Thought for the Day

Tuesday, August 27, 2002

Mount Madonna Challenge 12K

I wasn't anticipating any racing last weekend. In fact I was thinking that I wouldn't get much chance to run, so I did some pretty good workouts Thursday and Friday, then six miles early Saturday morning, before our plans had changed. I really trained through this race, which will do me well in some of the stuff coming up, but didn't help much on Sunday.
I know Bill Flodberg, the guy who created this race 27 years ago, and he gave me some advice for how to run it. He said that you need to get in a good position in the first half mile, because after that you hit the single track trail going up the mountain, and it's difficult to pass. I should have known that this was good advice for someone like Bill, who used to win this race, but maybe not the best advice for me.
I started out fast, staying in the front 10% of the runners, and reached the bottom of the hill out of breath. I had heard that this first hill was tough. I mean, the name of the race includes the words "Mount" and "Challenge." That should have been a clue, but I didn't really know what I was in for. I've run some big, tough hills, but I started this one trying to do my 10K pace. It went up steeply, then switched back the other way up the mountainside, going up steeply. Then the same thing again, and again. The trees and brush were thick around us, so you couldn't really see how close you were to the top. I'm panting like a dog and chugging along telling myself "It's okay, we have to be near the top." And every time I think that, I see runners on the switchback above me.
I climbed like that for as long as I could. Meanwhile, I passed two people who had started on the hill ahead of me, and about five people passed me. You really had to be careful passing, because the footing was uneven, the trail was narrow, and it dropped off very steeply on the downhill side. You could here people saying, "On your left... Coming through... 'scuse me..." all around.
After about fifteen minutes, and after I saw a couple of people ahead of me take brief walks, I started walking the steeper rises. About five more people passed me, but after that, I passed as many as passed me.
There were no mile markers anywhere on the course. When I got to where the constant uphill relented, (and became rolling steep up and down) I checked my watch. We had been going steadily uphill, climbing, for about twenty minutes. Knowing the course now, I would probably save a little more at the start and be more conservative at the bottom of the hill.
The rest of the course was just a good, tough, trail run. A lot of it was on dirt roads.
After doing quite a few road races, it was interesting to me to observe a difference in races like this. In some races the runners stratify. You run with the same group of people pretty much the whole way. Throughout this race I was passing people and being passed.
People got away from me, and I caught up with them. I got away from them, and they caught back up to me. Some people were great on the uphill. Some smoked on the downhill. Some ran out of gas toward the end. Some found their second wind.
It was a beautiful day, a cool morning just starting to warm up as I finished.
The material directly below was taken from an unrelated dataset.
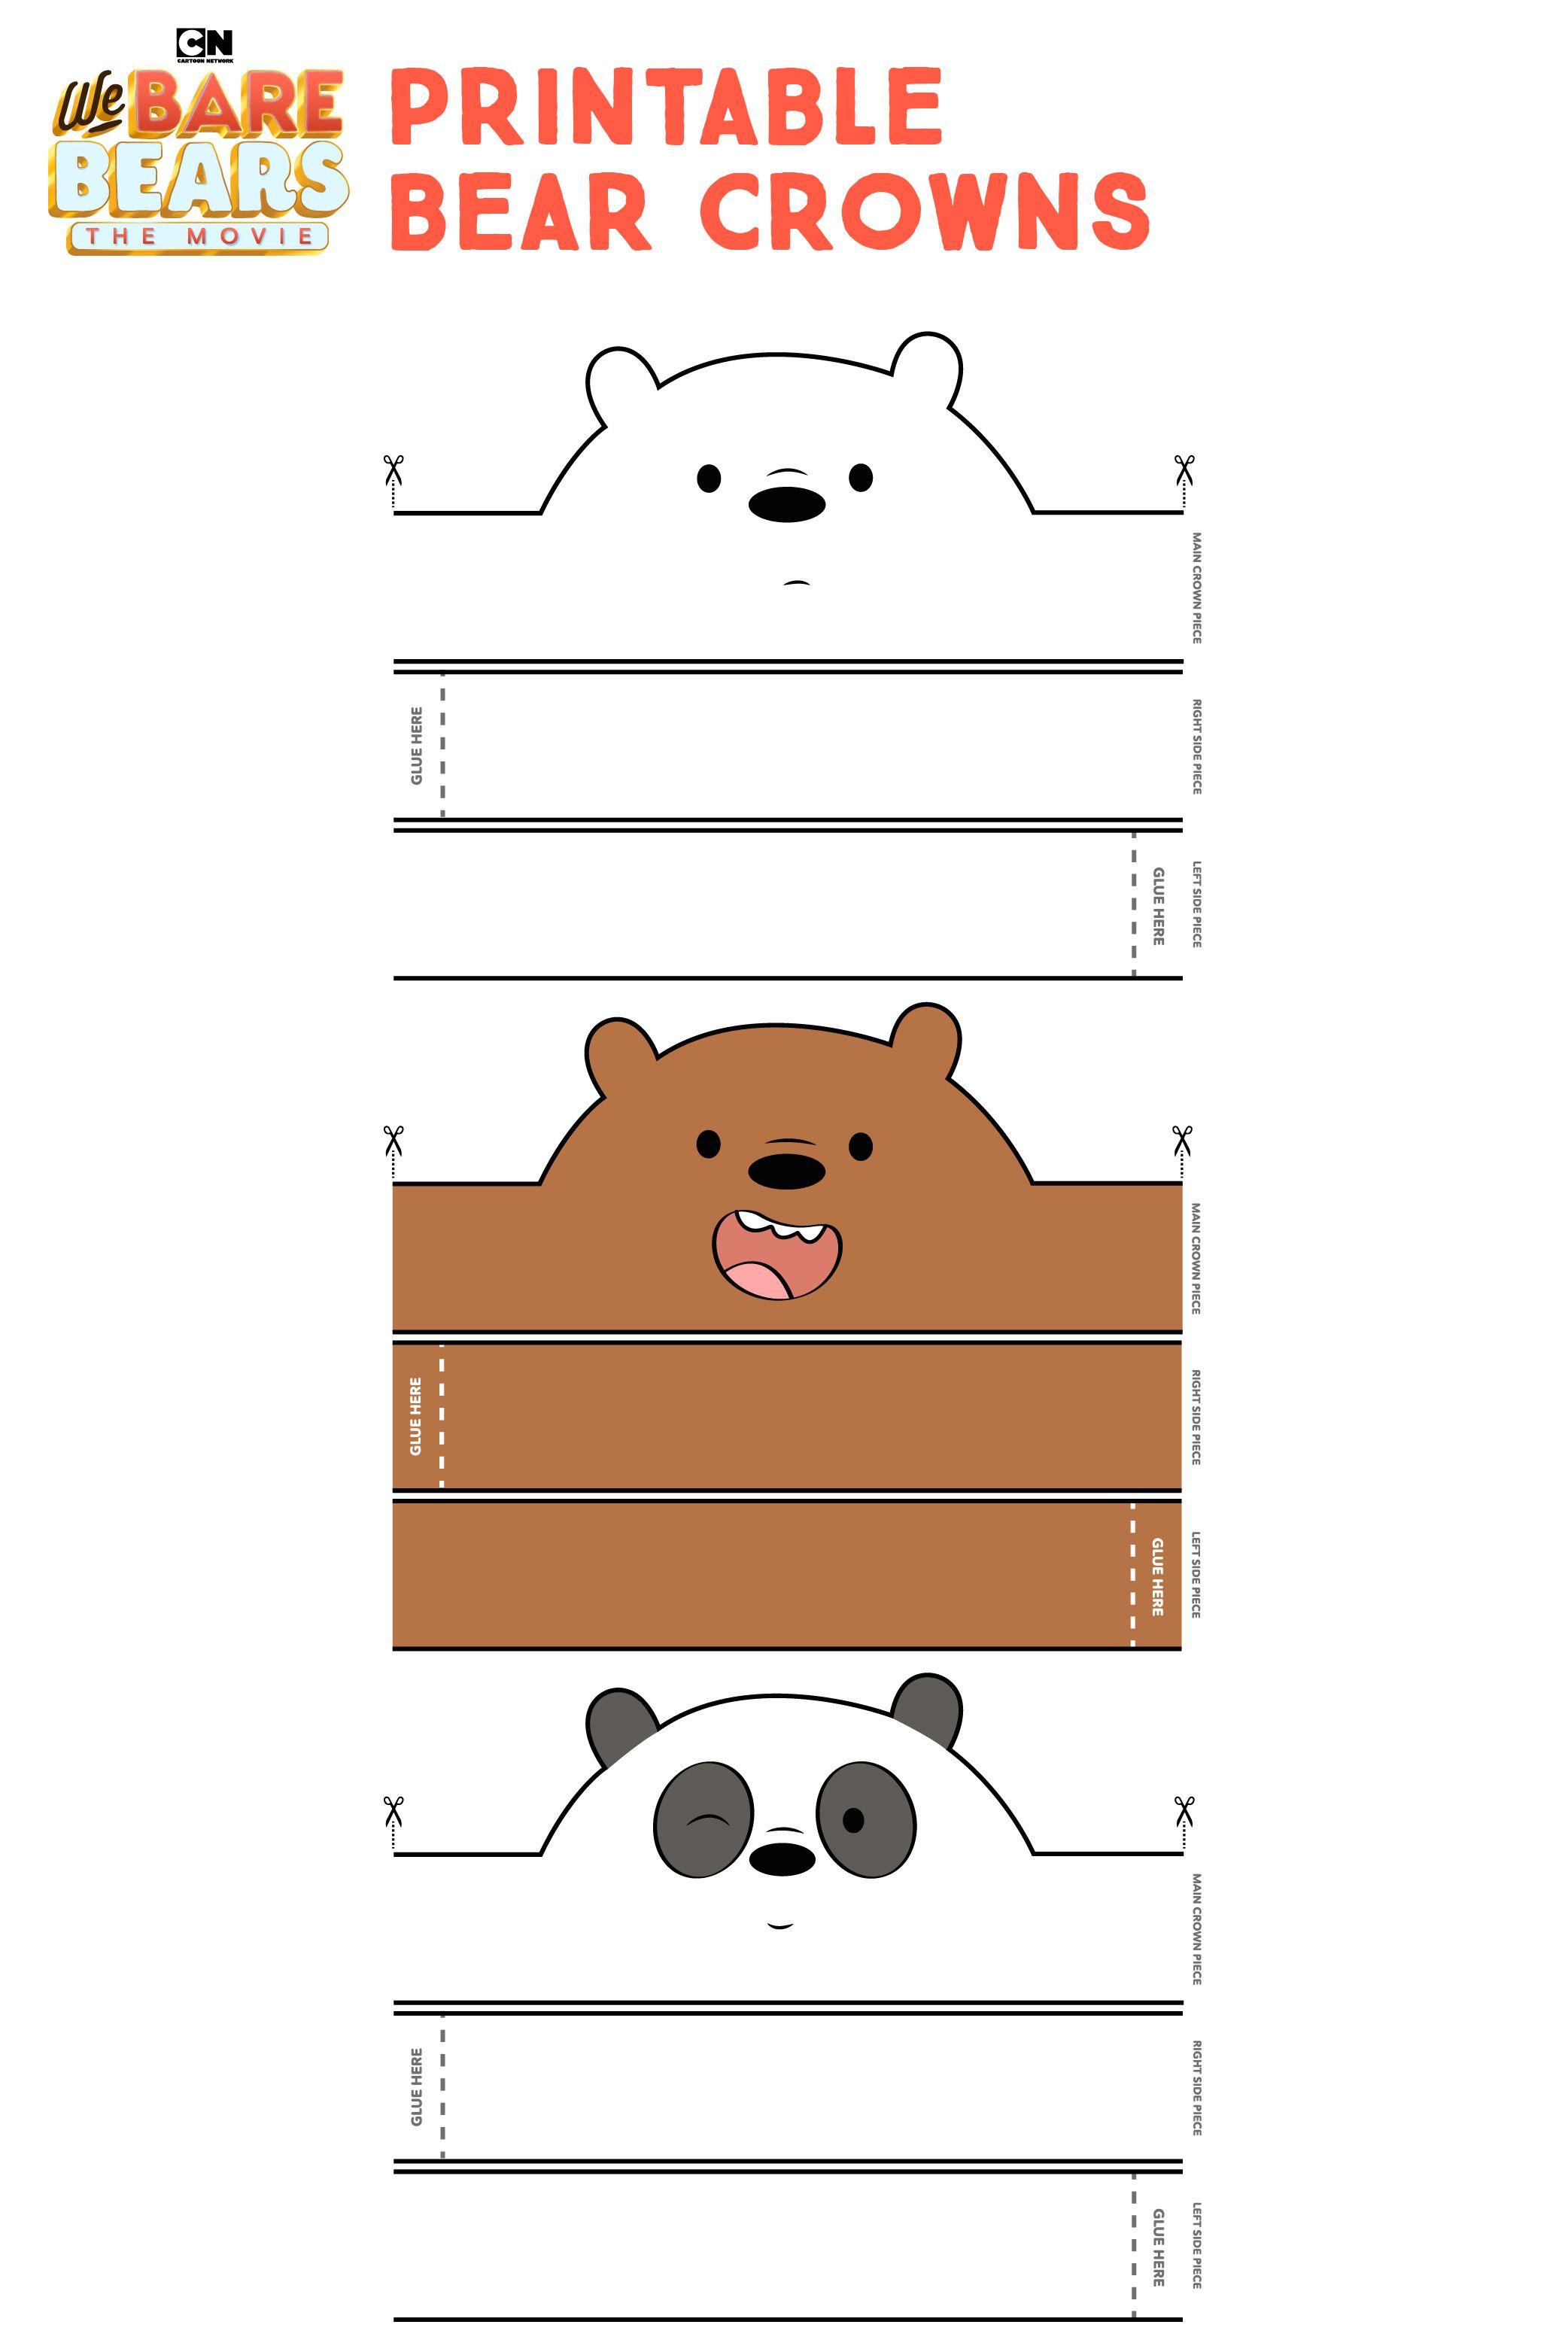 We Bear Bears Printable Bear Crowns We Bare Bears Bear Decorations Party Bare Bears

I loved the course, the trails over needles and leaves and powdery dust, the trees, the hills, the meadows.
I was fourth in my age division for at least the third time this year, but the third place guy was three minutes ahead of me.
My official time over the 12K course was 1:06:42, but my watch time and the time that showed on the big digital timer's clock when I came in was 1:07:35. They must've screwed up somewhere. This is about my marathon pace, but it hardly matters on a course like that. My legs today feel like I raced twice the distance. I'm more sore from this race than I was after running 30 miles lsd last weekend. Hams were hurting in the race, but quads are complaining now.